Reducing latency for gemini audio prompt requests?

Hey all,

I’m trying to make a voice based ai chat app, so latency is critical for the product. In theory the live api would be perfect for this however there’s a few limitations with it which means I can’t go with that approach. Right now I’m treating it like any other chat app, however the prompt from the user contains audio data (usually around 5 seconds of webm audio). There’s no audio output from gemini, just text based output. I’m finding the latency is quite high for my use case. I’m using the streaming endpoint and I’m getting regularly around 1.1s for the time from when the request is sent to when I get back the first chunk of data from streaming. If I remove the audio prompt from the user and replace it with a plain text prompt the latency drops to around ~400ms which is more in the ballpark of what I was looking for.

I’m wondering if anyone else has encountered the same problem and if there’s anything I can do to reduce this latency?

To add some more context I’m using gemini-2.0-flash-lite. I’m providing a system prompt with each request that is around 300 tokens.

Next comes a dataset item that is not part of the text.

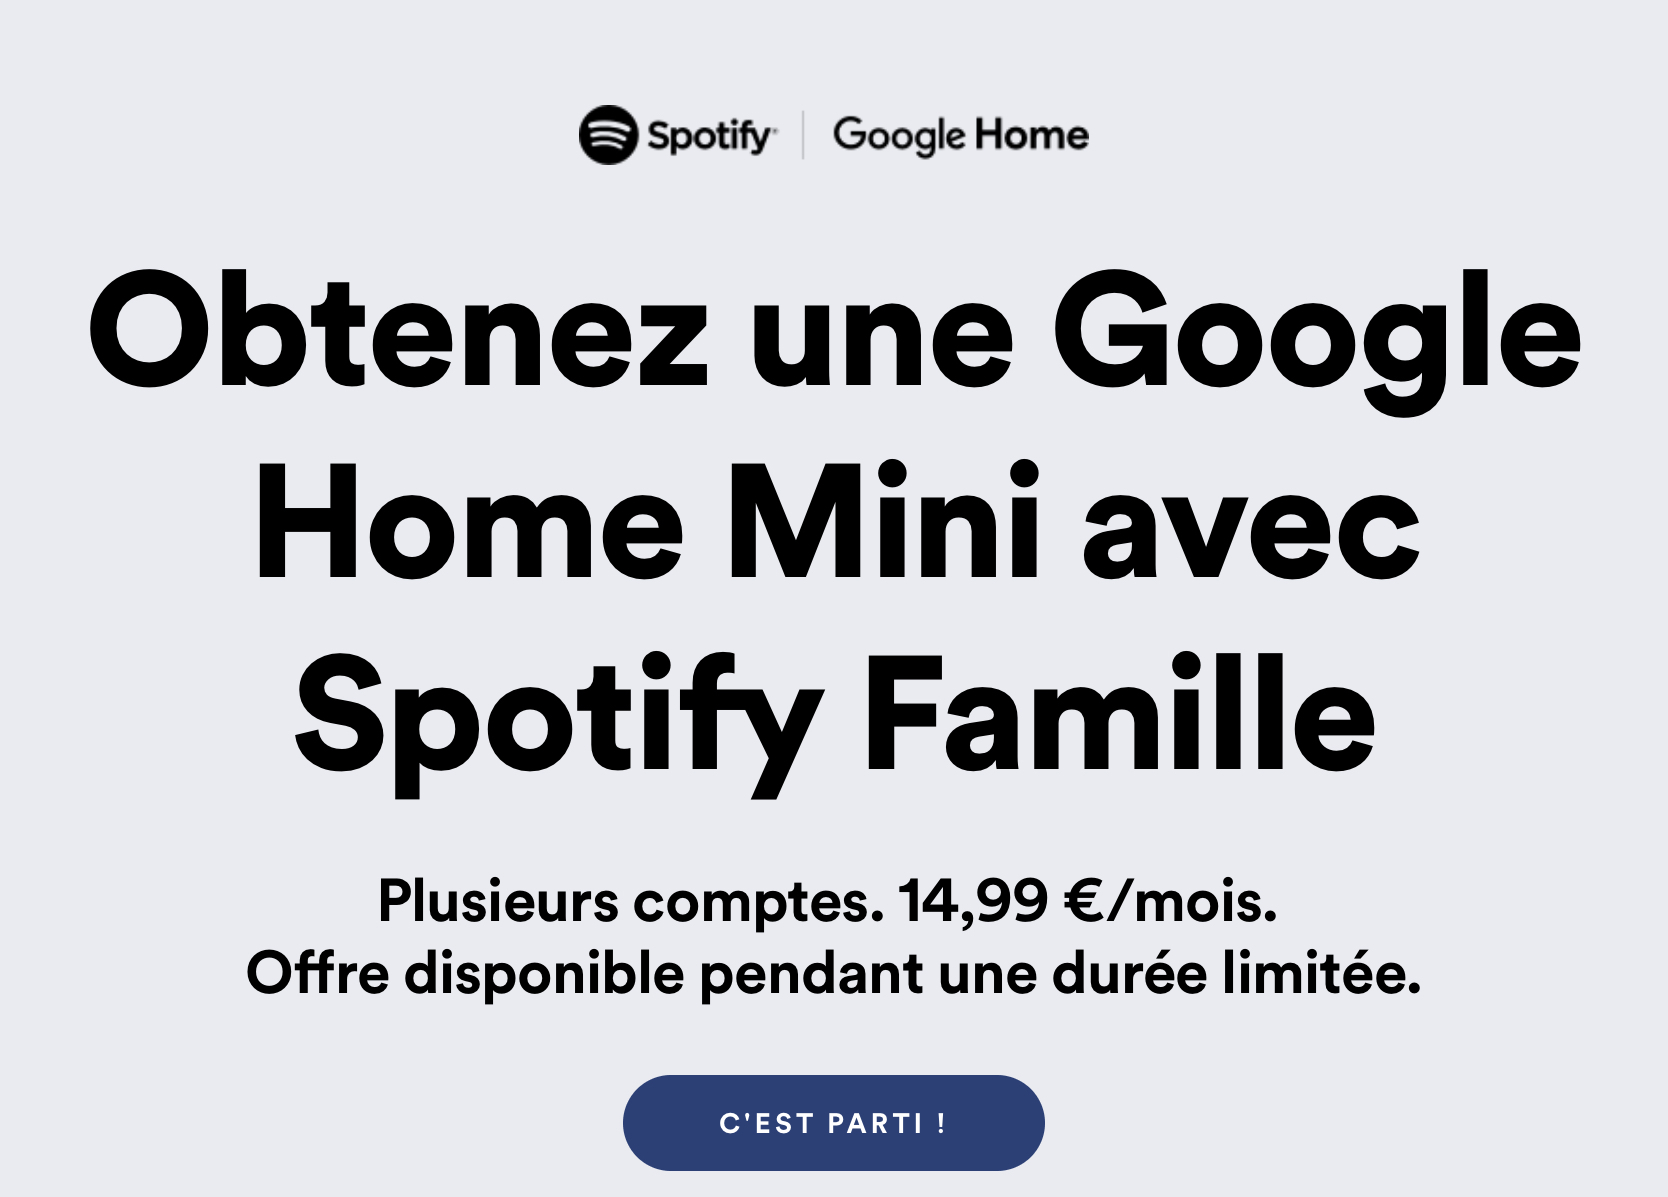 Google Home Mini CCFD614D 8D9F 44EC BAEF 4EEFC4510538 La Google Home Mini est gratuite avec Spotify Famille ! bon plan

Hi @Stewart_Connor Apologies for late response
Few optimizing techniques which you can try for your current approach are

  1. Client-Side VAD (Voice Activity Detection) this allows you to send only the portions of audio where actual speech is present, reducing the amount of “silent” audio.
  2. You mentioned using the streaming endpoint. Are you streaming the audio in chunks as it’s captured, or are you waiting for the entire 5 seconds to be recorded before sending the whole audio blob?
  3. While 300 tokens for a system prompt isn’t excessively large, every token adds to the processing time. If there are general instructions that apply across a conversation, consider if you can optimize it. However, for context-rich interactions, a well-defined system prompt is crucial.
  4. Ensure you’re streaming output as soon as the first chunk arrives. For a voice app, this means you can start TTS on the first received words, creating an interruptible and more natural conversational flow. This is about perceived latency.